Richardson ISD is piloting the new restriction at Forest Meadow Junior High, after scrapping its plans to institute it throughout the district. An announcement on their website created so much backlash, that they back peddled to one school only.
Interim Superintendent Tabitha Branum said, “Student cell phone use was the No. 1 problem RISD secondary teachers cited in our end-of-year teacher survey, and was also cited as problematic both in the RISD parent survey and in the community feedback provided during the recent superintendent search process.”
After hundreds of complaints, however, Branum decided it would be best to ask for volunteers to pilot the program and report results.
Principal Susan Burt was first to raise her hand. She has seen firsthand the level of distraction caused by cell phones and points out that even adults are obsessed with their phones. “How many times do we check our phones every day? When it’s sitting next to us, it’s a constant thought in our heads, so how can we blame our children for doing the same thing?”
The solution for this school is to place each phone in a locked plastic pouch at the beginning of the day. The “lock” is similar to the white knob security tags you’ll find on clothes at the store. Just as the cashier uses a handy device to remove the security tag, the teacher will do the same. These locked pouches aren’t cheap. At $20 each, the cost can be staggering for schools with large populations.
But educators and parents agree that it is money well spent. Euan Blackman, a parent who spoke on this issue at a school board meeting, shared his thoughts. “I know that I sometimes find myself addicted to the cellphone. It’s a discipline, and we as the adults… need to help create an environment in a discipline that lets them know they are going to be just fine if they don’t see that cellphone during that learning time.”
Phones will be unlocked only during lunchtime, although Burt stated that many students opt out of using their phones during this time. “They’re actually enjoying socializing with their friends and getting away from their screens while they’re eating,” she reports.

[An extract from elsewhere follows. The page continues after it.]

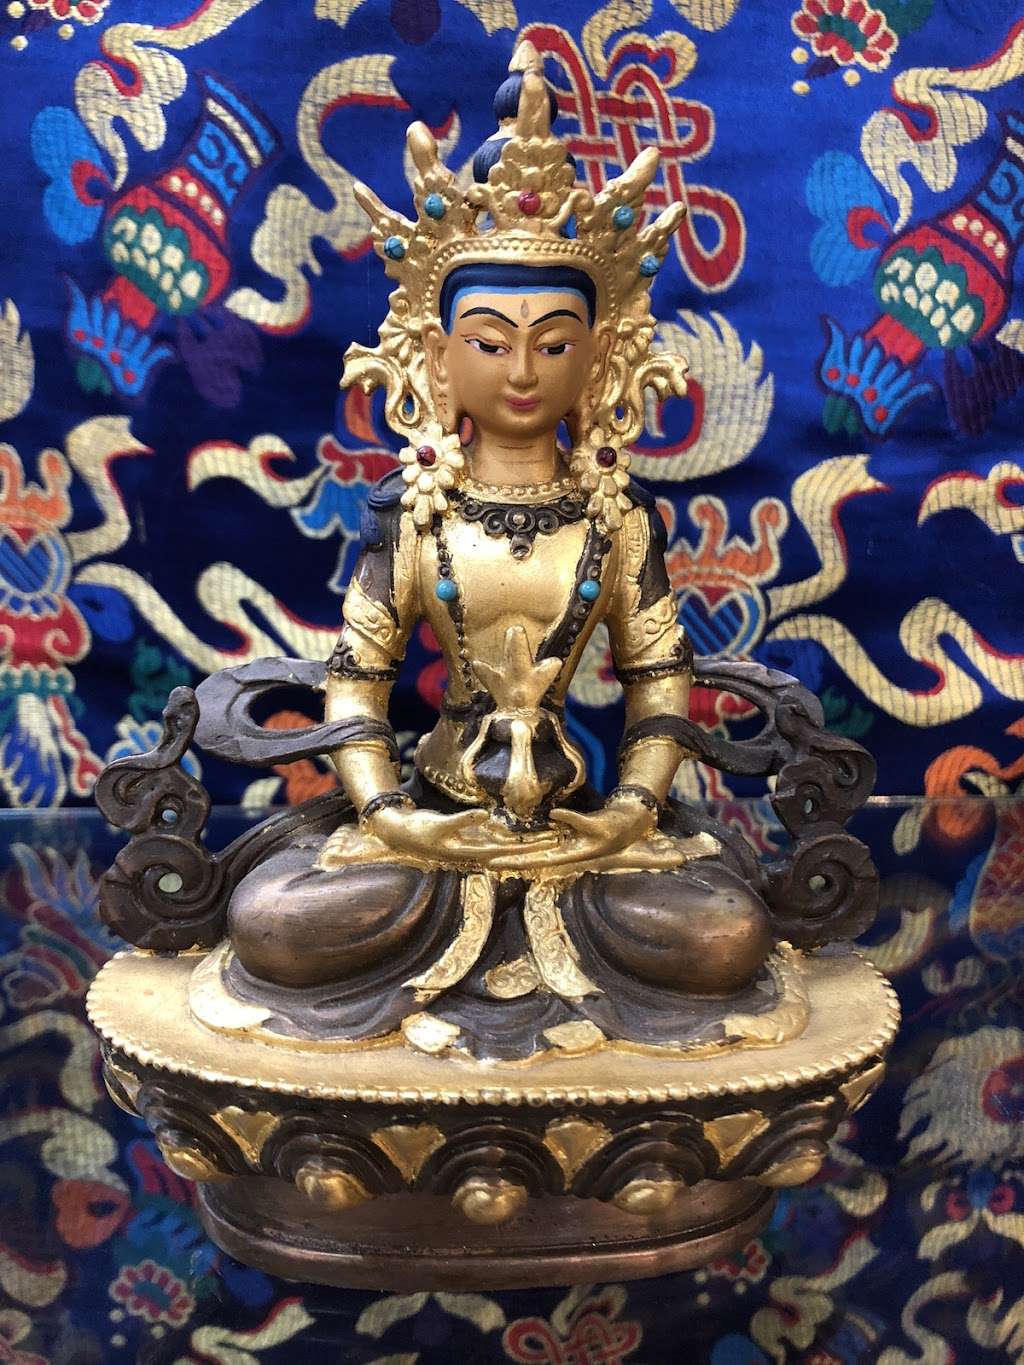 Zambala Tibet Collection | 1904 W Valley Blvd, Alhambra, CA 91803 | Phone: (626) 289-9787

While many parents support the new policy, some have shared concerns about not being able to reach their kids during the day. Others have mentioned the school shootings that are so prevalent in the U.S. and questioned how their children can call for help, if needed.
The school has provisions in place to address those concerns, stating that phones can quickly be unlocked if needed, and that parents can always email their kids through their school accounts on their Chromebooks.
Teachers and administrators see the value in the policy and have thrown their weight behind it. Chris Choat, principal at Richardson High School, said, “Almost 90% of the discipline issues that we’ve dealt with last year started with a cellphone.”
These issues don’t just involve distraction from academics. They encompass the texting of inappropriate images, cyberbullying, and cheating. When students are provided time to study, read, or complete an assignment, he said, many will resort to scrolling through their phones rather than completing their work.
Richardson Middle School will collect data throughout the year, including feedback from parents and teachers, and this information will be considered across the district. If adopted, there will be one less distraction at school.